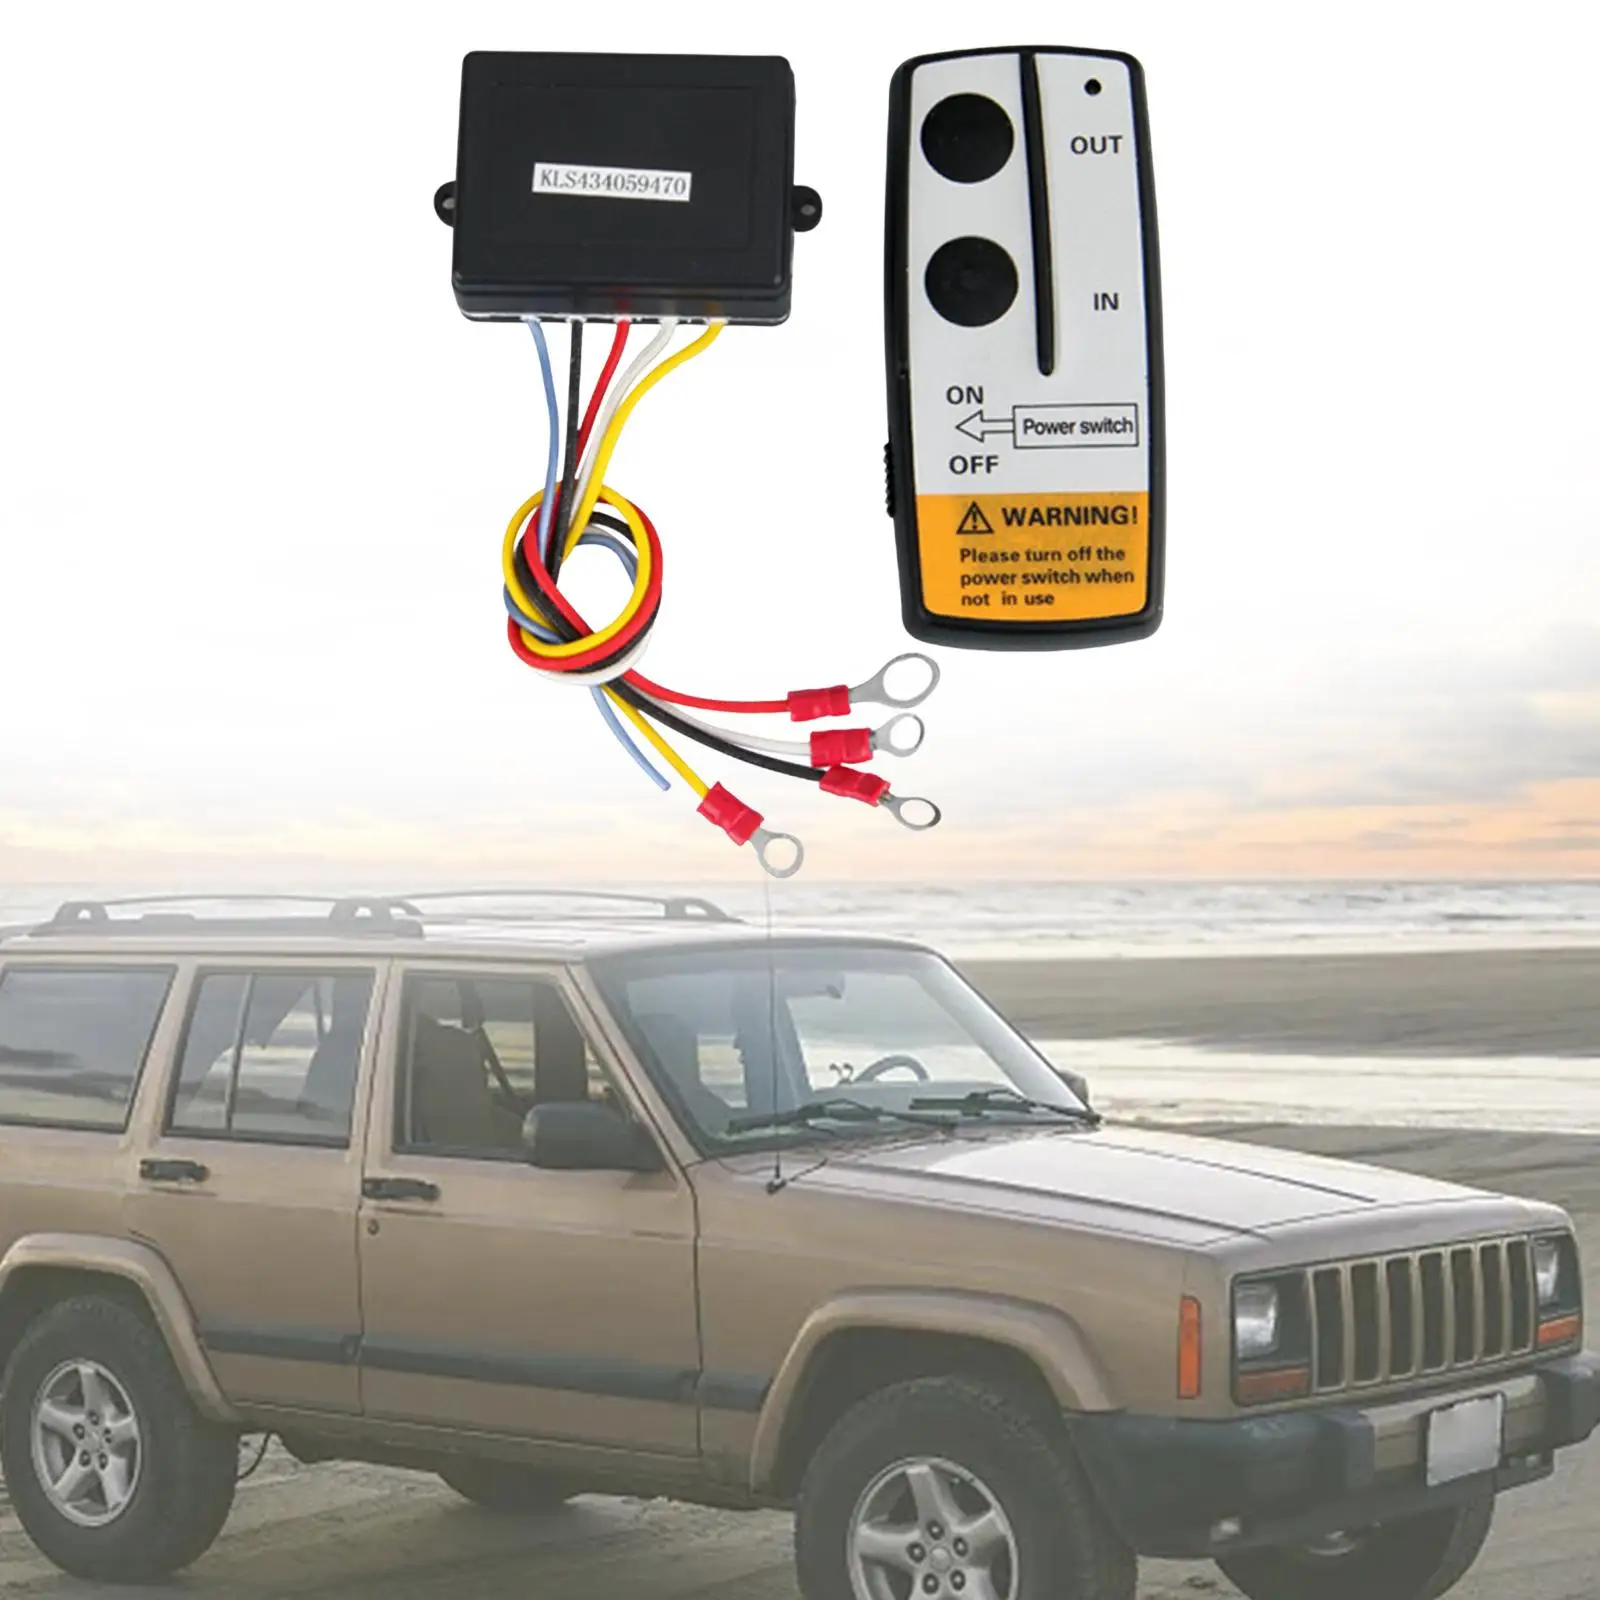 Winch Remote Control Kit High Performance 100Feet 12V Vehicle Accessory Handset
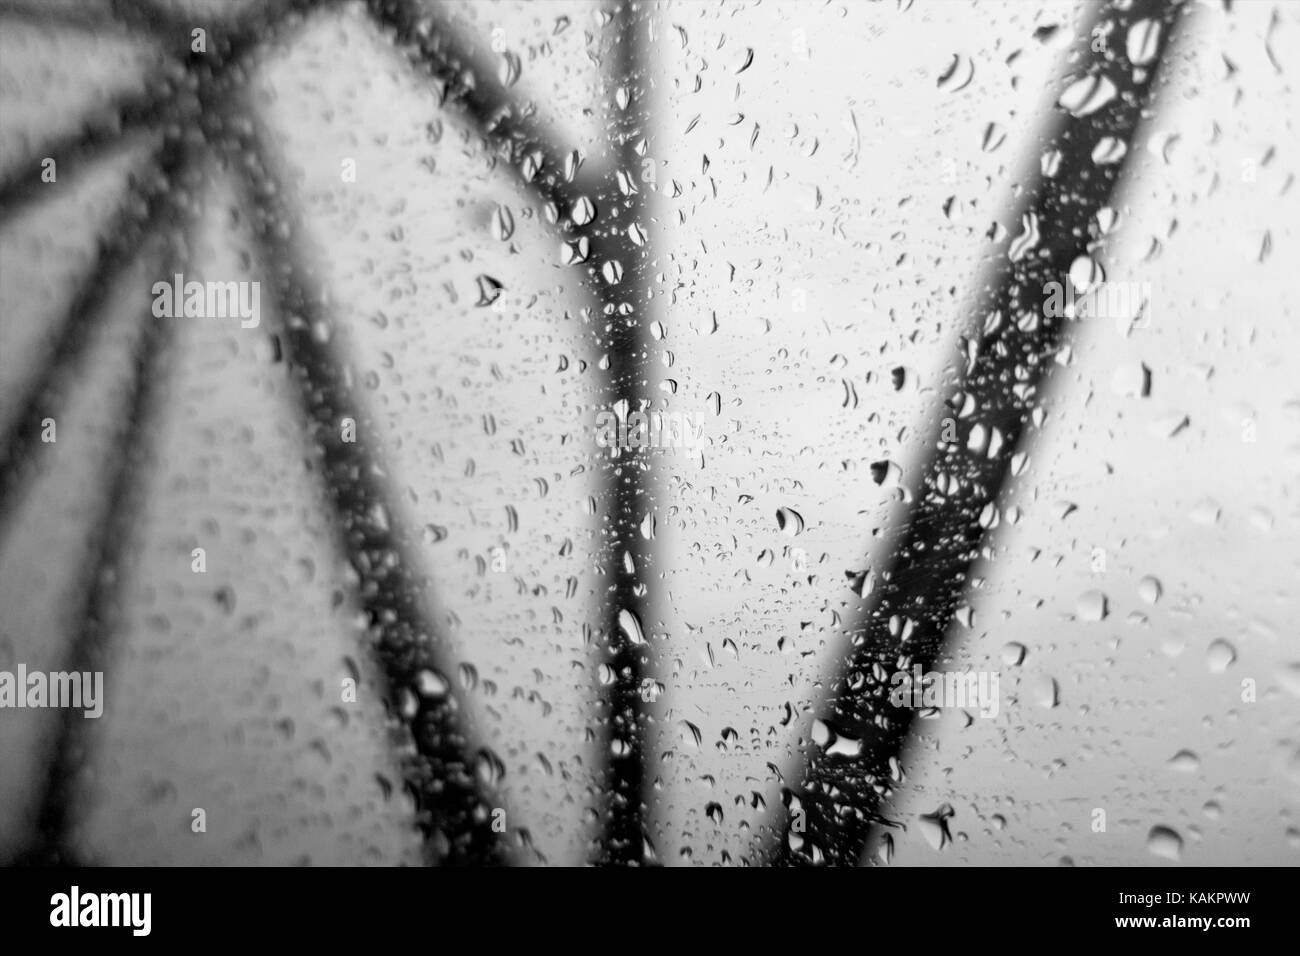 Looking out of windows covered with water droplets at black bridge struts on a gray sky. Concept. Stock Photo
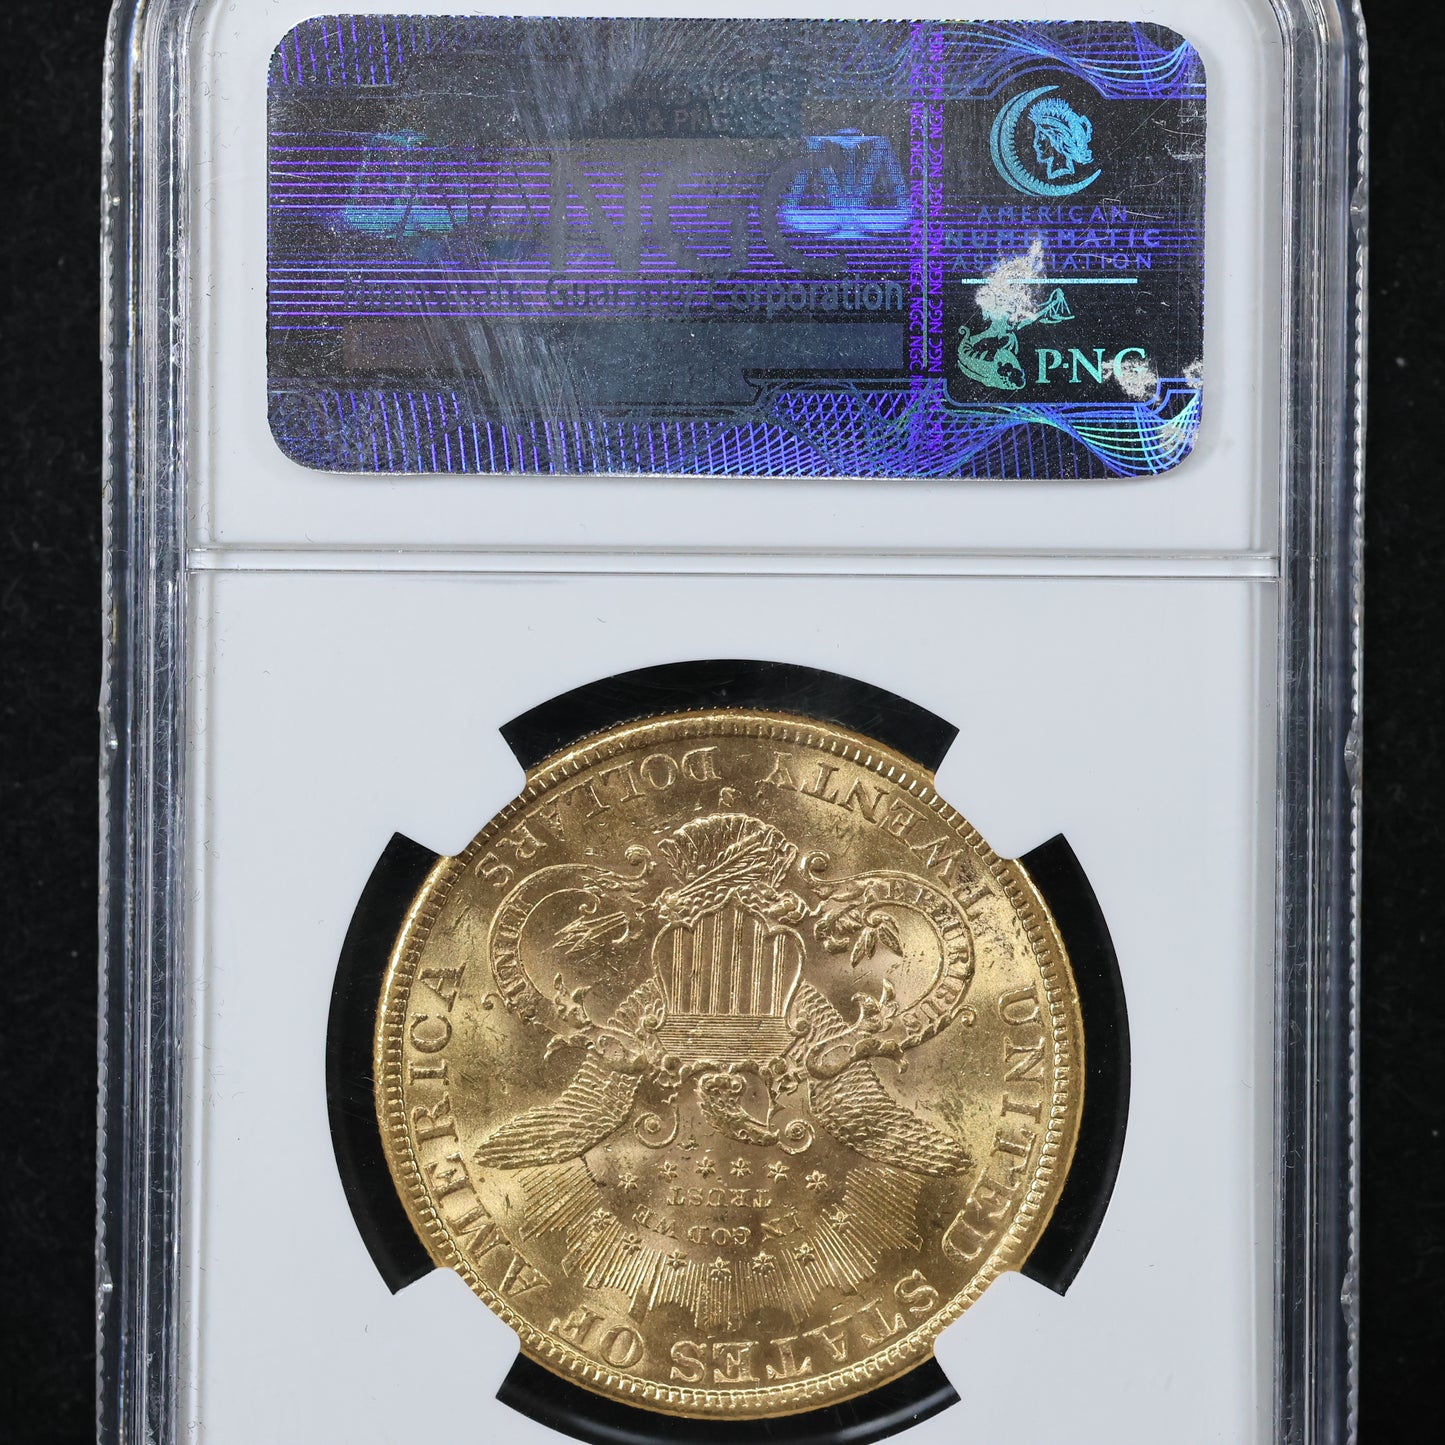 1899 S (San Francisco) $20 Liberty Head US Gold Double Eagle Coin - NGC MS 62
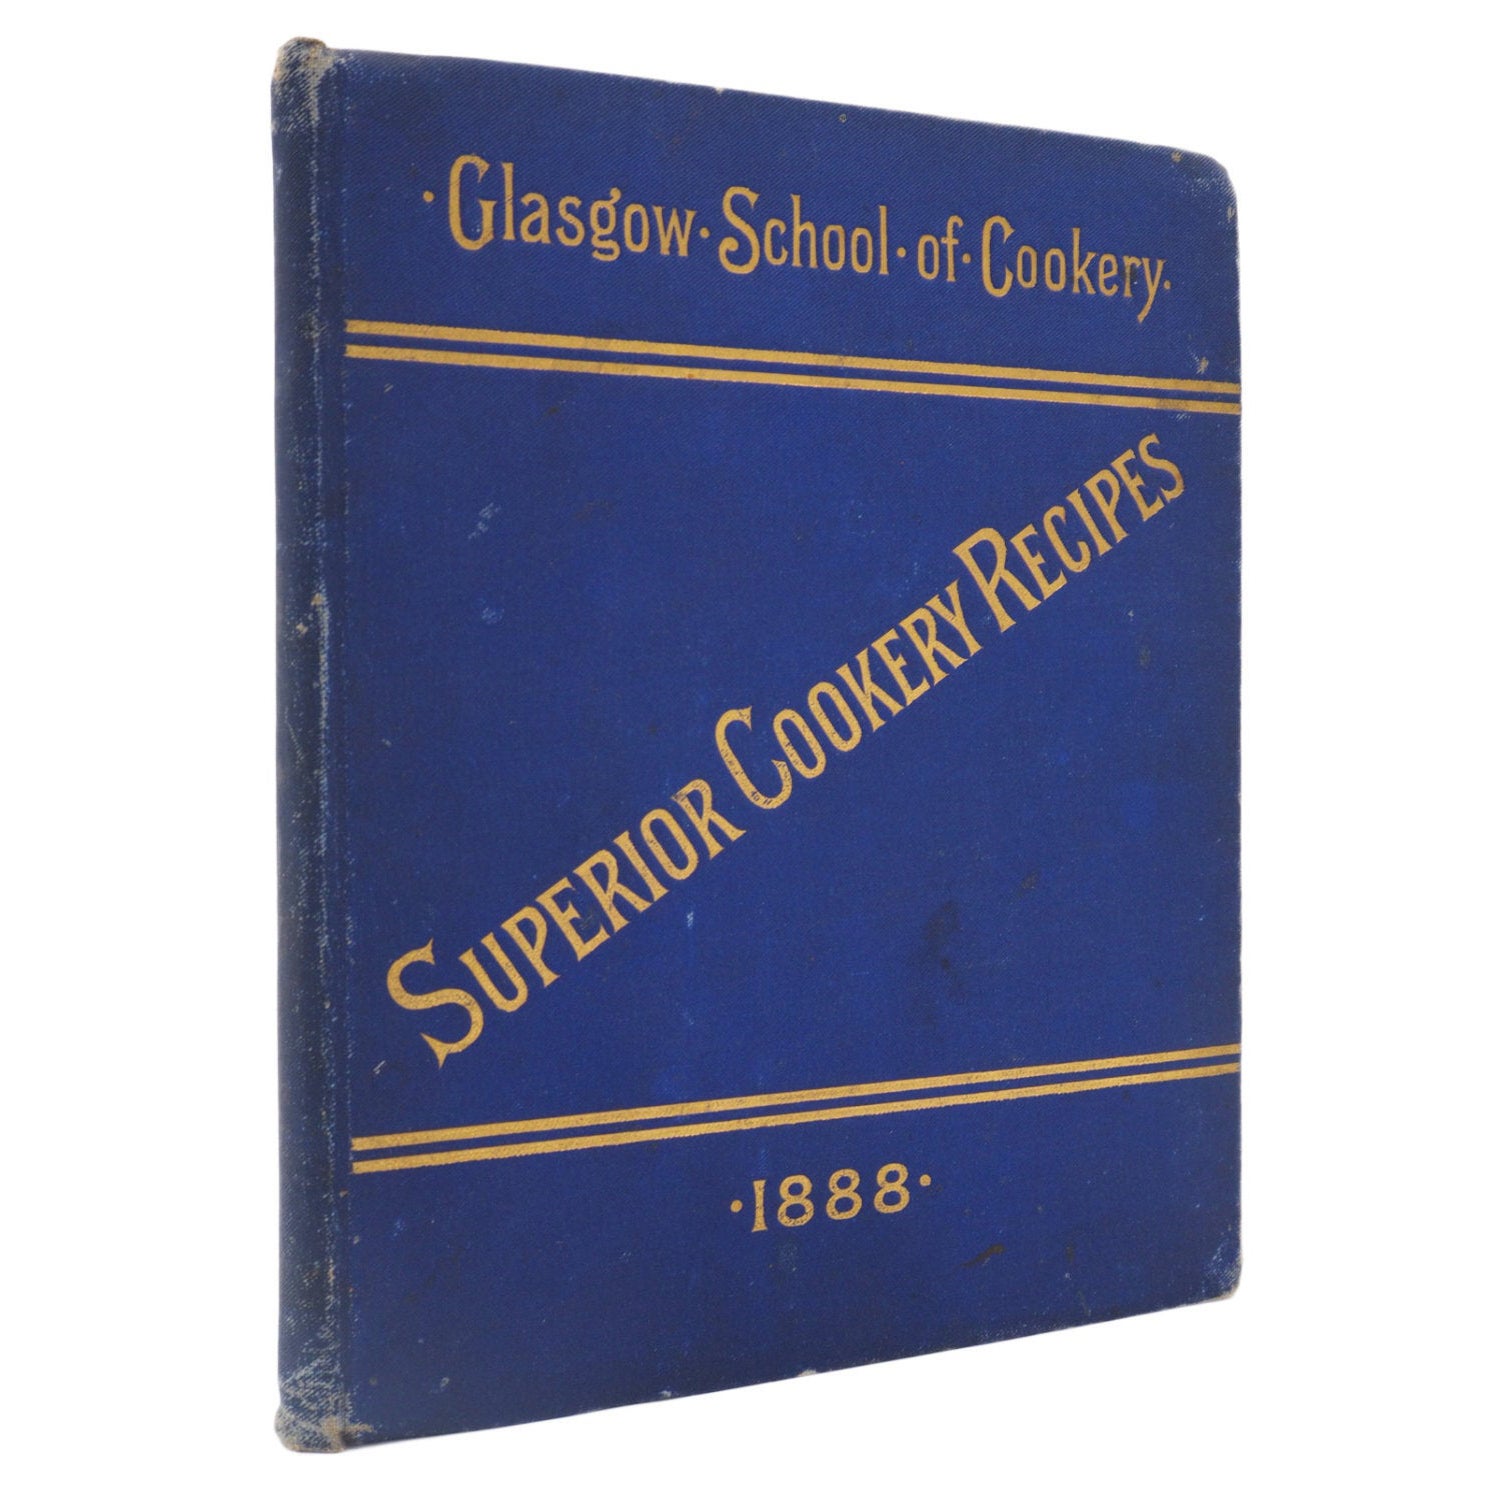 Vintage Culinary Charm: Recipes Published in 1888 by Glasgow School of Cookery

---------------

● Exercise directions:
Could the data be reproduced exactly, with the pictures omitted?

● Expected answer:
 Winch Remote Control Kit High Performance 100Feet 12V Vehicle Accessory Handset
 Looking out of windows covered with water droplets at black bridge struts on a gray sky. Concept. Stock Photo
 1899 S (San Francisco) $20 Liberty Head US Gold Double Eagle Coin - NGC MS 62
 Vintage Culinary Charm: Recipes Published in 1888 by Glasgow School of Cookery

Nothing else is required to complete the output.